Japan aims to step up and tighten its regulations for cryptocurrency transactions starting next month to fight money laundering activities better. The move comes as the country’s current legal framework is deemed insufficient by the global financial crimes watchdog Financial Action Task Force (FATF).
Japan to Enforce Stricter AML Rules
On Tuesday, Japan’s cabinet decided to enforce stricter anti-money laundering (AML) regulations to trace all cryptocurrency transactions, including stablecoins, which are cryptocurrencies pegged to a fiat currency, according to local news outlet Kyodo News.
The regulations involve bringing the country’s legal framework in line with the global standards of the FATF. The watchdog has reportedly deemed Japan’s anti-money laundering measures insufficient, thus requiring further legislative action.
One critical aspect of the revised framework is enforcing the so-called travel rule. This will ensure that information on customers who engage in crypto asset transactions is fully disclosed between financial institutions, including their names and addresses.
The rule also requires financially identifiable data to be included in each step of a given transaction. This is expected to make it more challenging to launder money and channel criminal proceeds through legal, financial transactions.
Japan’s new regulations follow the Group of Seven’s (G-7) support for the FATF’s efforts to quicken the global implementation of the travel rule. Earlier this month, the watchdog said it is due to publish a progress report on travel rule implementation, something the G-7 is looking forward to “in light of the growing threats from illicit activities.”

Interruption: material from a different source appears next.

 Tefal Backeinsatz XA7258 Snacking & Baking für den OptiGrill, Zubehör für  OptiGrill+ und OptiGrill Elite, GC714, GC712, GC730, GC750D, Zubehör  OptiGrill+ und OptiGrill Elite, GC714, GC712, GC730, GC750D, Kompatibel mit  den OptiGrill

Japan has grappled with the travel rule since 2021 when the country’s Financial Services Agency (FSA) requested virtual asset services providers to implement it. In April 2022, Japan’s Virtual Currency Exchange Association (JVCEA) introduced self-regulatory rules accordingly.
The FATF is an intergovernmental organization combating money laundering and terrorist financing. The watchdog has maintained a “black list” and a “grey list” since 2000. Countries on the grey list face restrictions in the financial services sector, while those on the black list may be subject to economic sanctions by members of the FATF.

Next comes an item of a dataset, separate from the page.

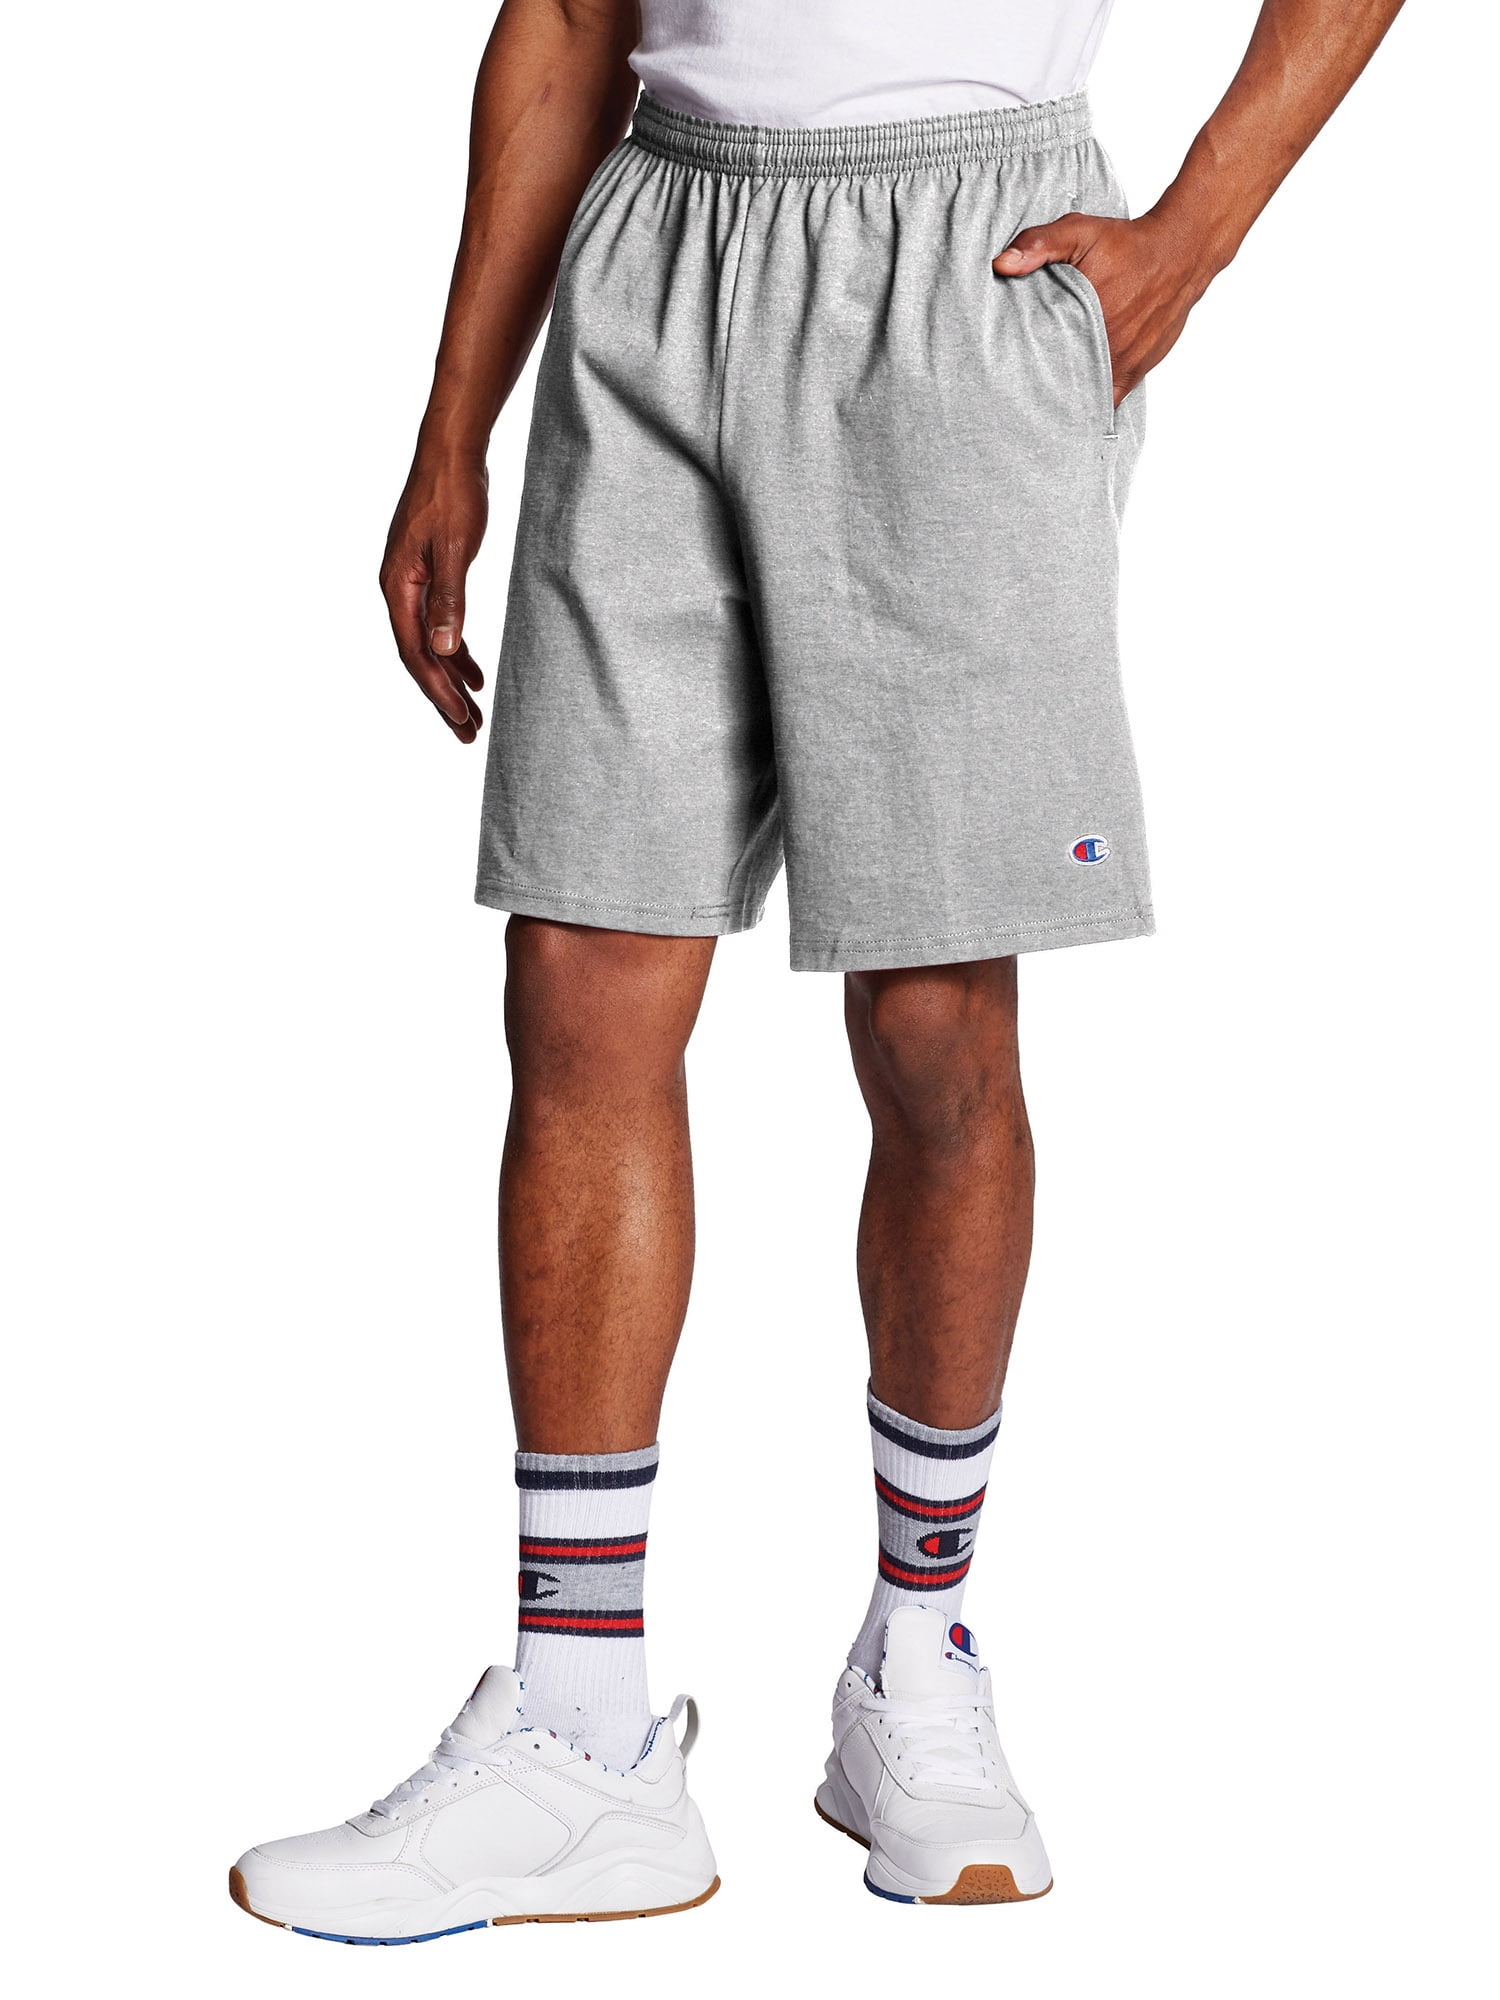 Mens Lightweight Fleece Cotton Shorts For Gym S-XL

North Korean Hackers Stole Over $700M From Japanese Firms
The move to enforce stricter crypto regulations comes from Japan being the biggest victim of North Korean hackers. As reported, hacker organizations tied to North Korea stole $721 million from Japanese companies between 2017 to 2022, according to an Elliptic study commissioned by Nikkei.

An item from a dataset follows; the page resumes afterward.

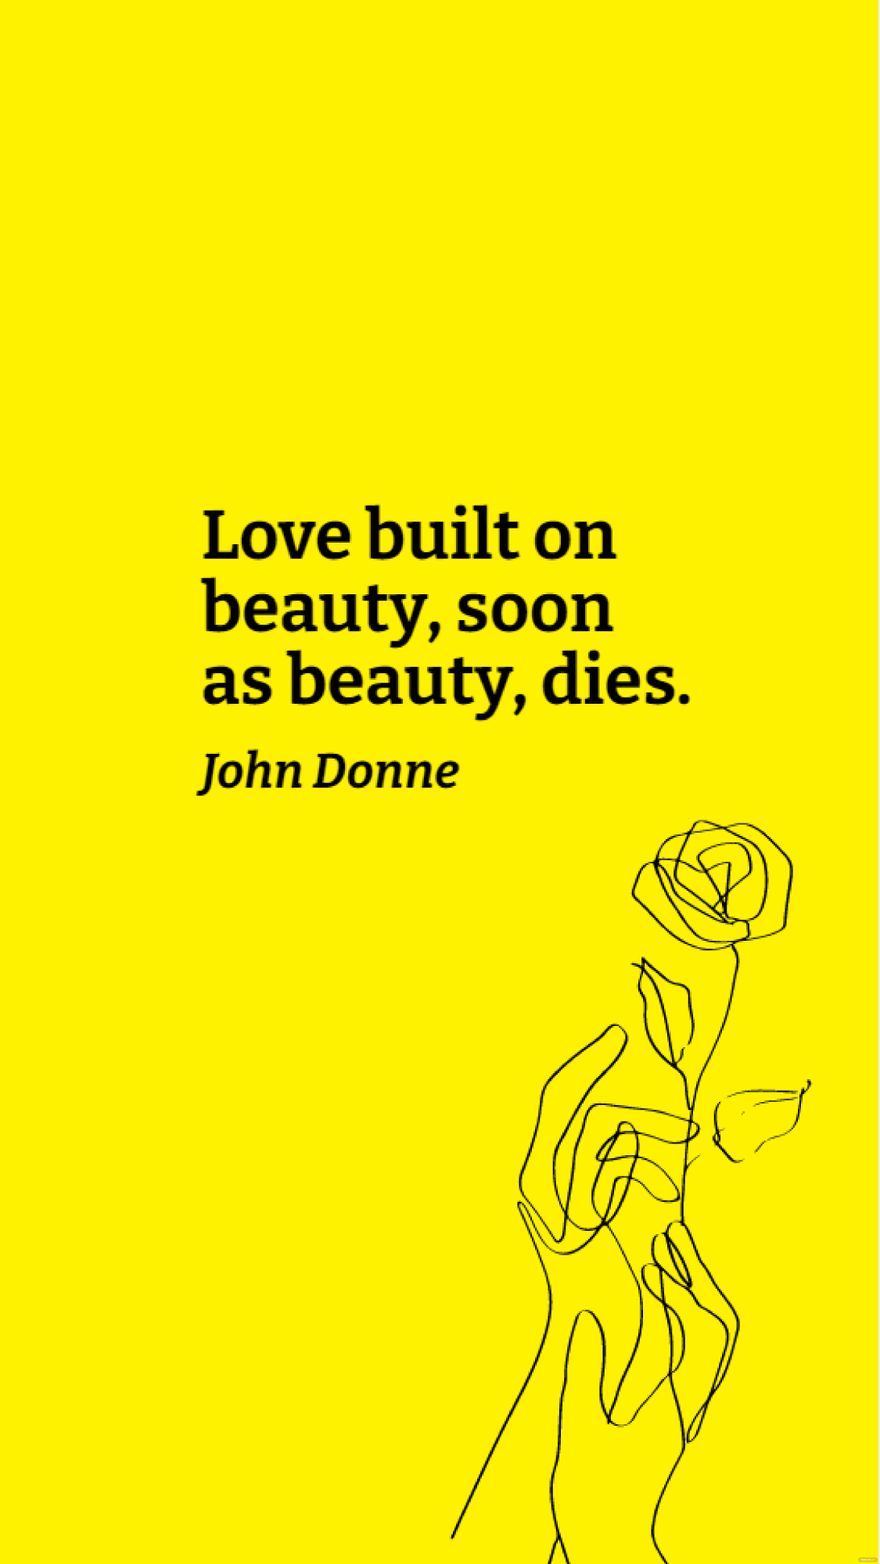 Free John Donne - Love built on beauty, soon as beauty, dies. in JPG

The $721 million stolen from Japan-based businesses is 8.8x bigger than the value of North Korea’s total exports in 2021, according to data from the Japan External Trade Organization. The North Korean hacking groups likely targeted Japan due to the rapid growth of the country’s crypto market and lenient security systems at crypto firms operating there.
According to the report, North Korean hackers targeted at least three cryptocurrency exchanges in Japan between 2018 and 2021. The cyberattacks inflicted significant damage, with the Zaif exchange recording losses amounting to 7 billion yen ($51.4 million) in 2018, which led to its closure.
EU and Hong Kong Approve Crypto Regulatory Regimes
While Japan still struggles with a crypto regulatory regime, other countries have announced rules to regulate the industry. Earlier this month, the European Council adopted MiCA, the EU’s comprehensive package of rules to regulate the nascent crypto sector.
The MiCA is intended to close existing EU financial services legislation gaps. Under the new regulation, crypto exchanges will be required to gain registration in one of the bloc’s member states to operate within the EU.
More recently, Hong Kong also revealed its new crypto rulebook. The new regulatory regime allows retail investors in the city to trade specific “large-cap tokens” on licensed exchanges, given that safeguards such as knowledge tests, risk profiles, and reasonable exposure limits are in place.